Problem description: In the data below, find the line containing "Karte Norwegen Schweden.Karte" and the line containing "Paleo Sacher torta", then reproduce them and every line between, exactly. Omit pictures.

Entries shown:
--- START ---
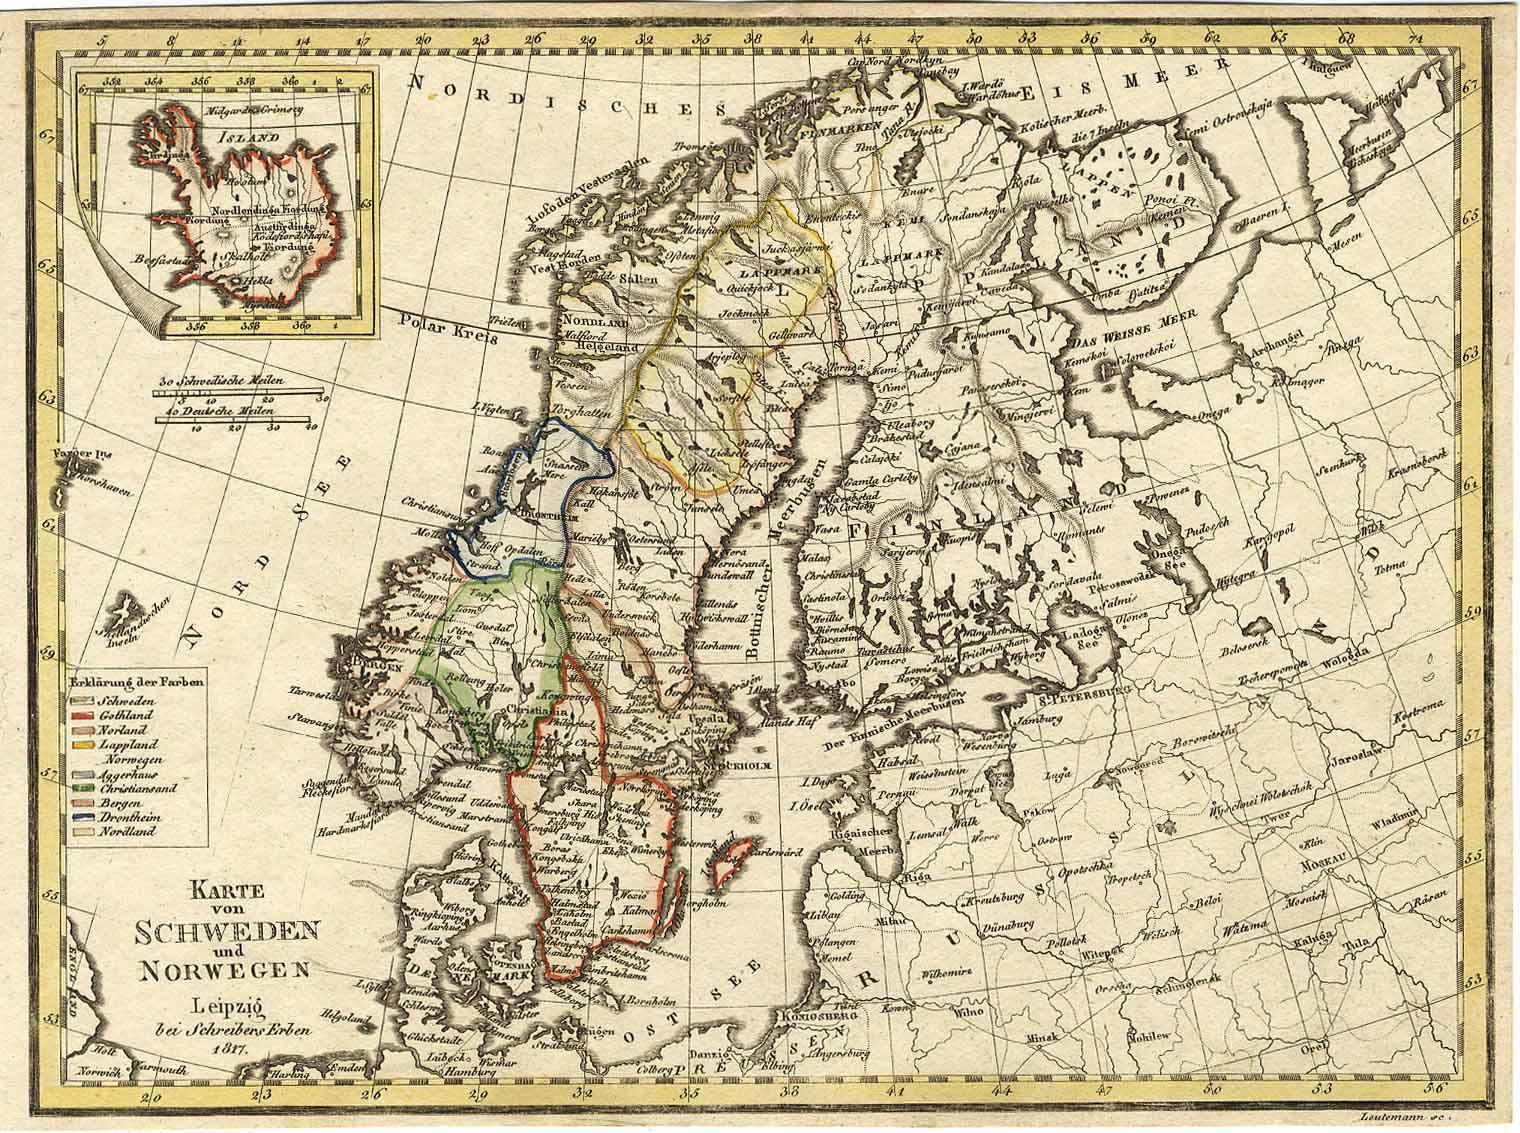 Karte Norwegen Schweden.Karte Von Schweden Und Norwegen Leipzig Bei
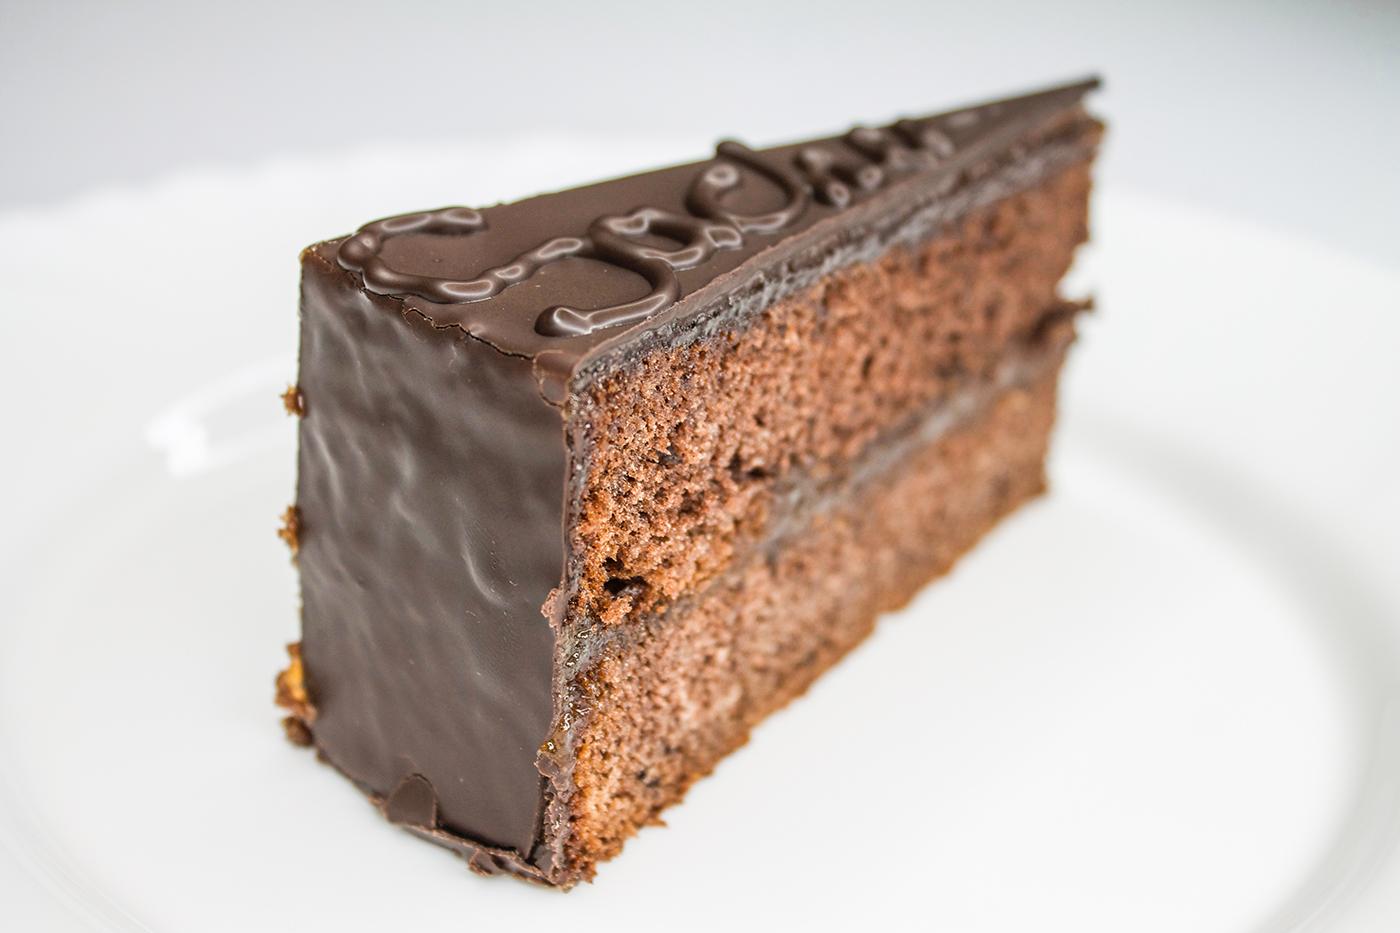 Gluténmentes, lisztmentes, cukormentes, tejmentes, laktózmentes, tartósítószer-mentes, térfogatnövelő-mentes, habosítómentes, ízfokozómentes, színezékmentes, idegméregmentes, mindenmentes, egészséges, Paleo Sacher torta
--- END ---
--- START ---
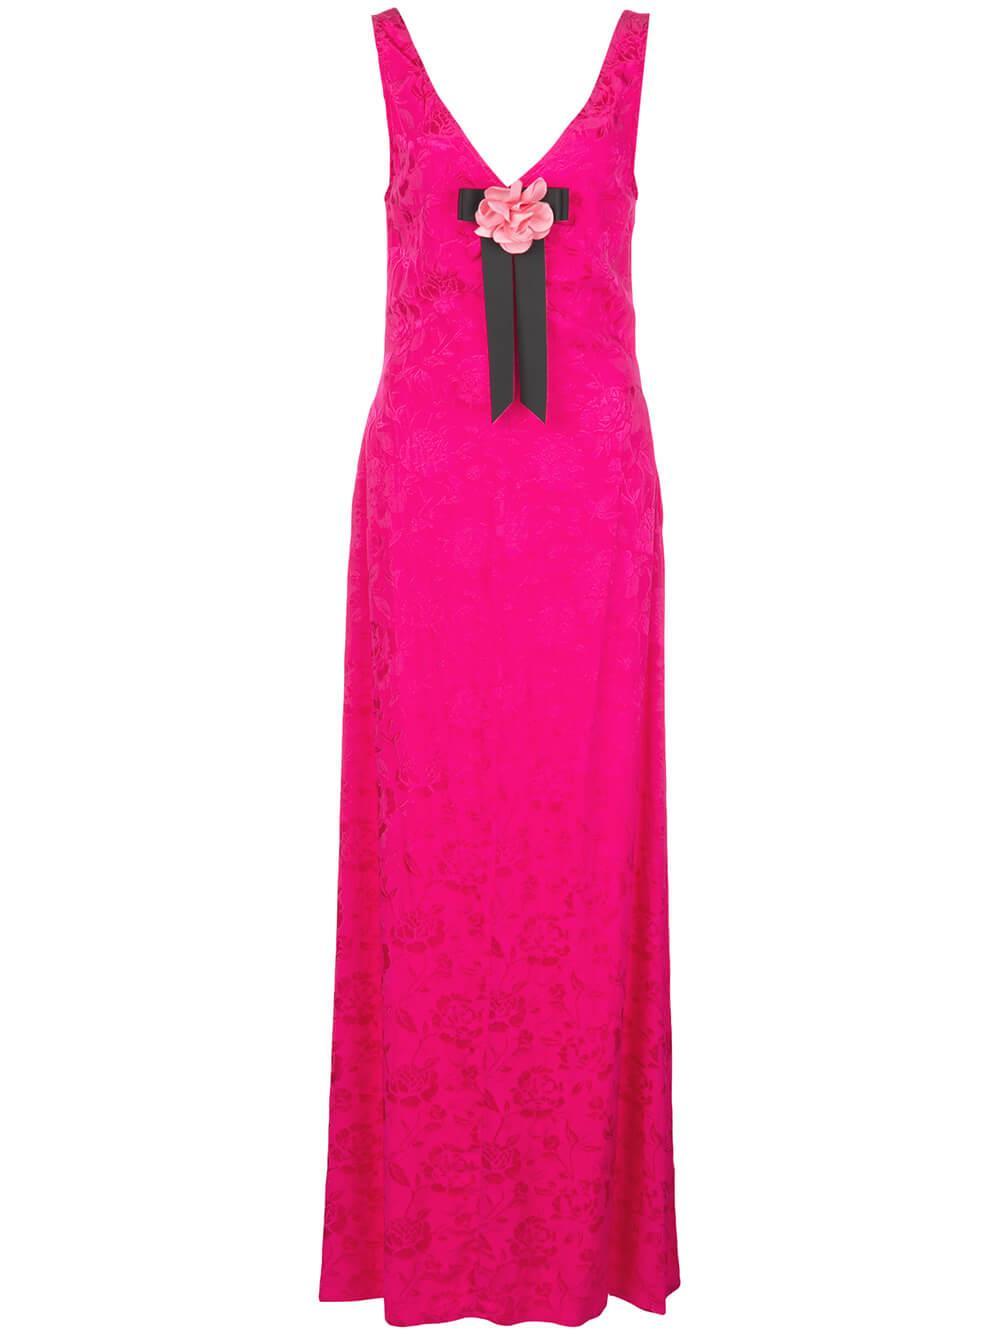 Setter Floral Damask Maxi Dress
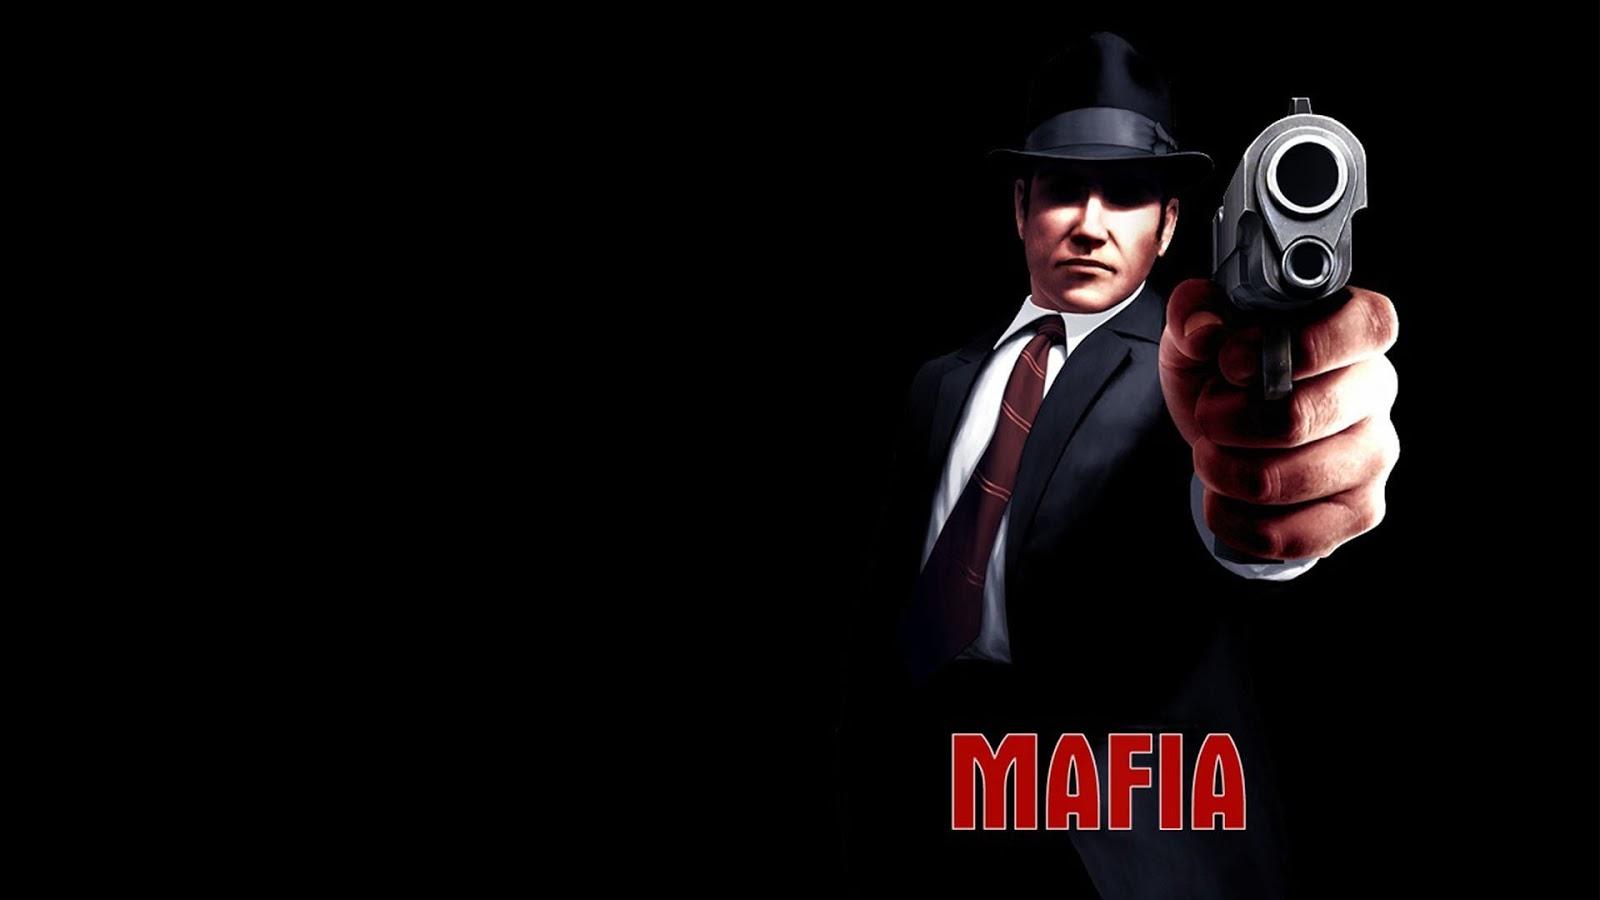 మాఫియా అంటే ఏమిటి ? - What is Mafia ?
--- END ---
Answer section:
 Karte Norwegen Schweden.Karte Von Schweden Und Norwegen Leipzig Bei
 Gluténmentes, lisztmentes, cukormentes, tejmentes, laktózmentes, tartósítószer-mentes, térfogatnövelő-mentes, habosítómentes, ízfokozómentes, színezékmentes, idegméregmentes, mindenmentes, egészséges, Paleo Sacher torta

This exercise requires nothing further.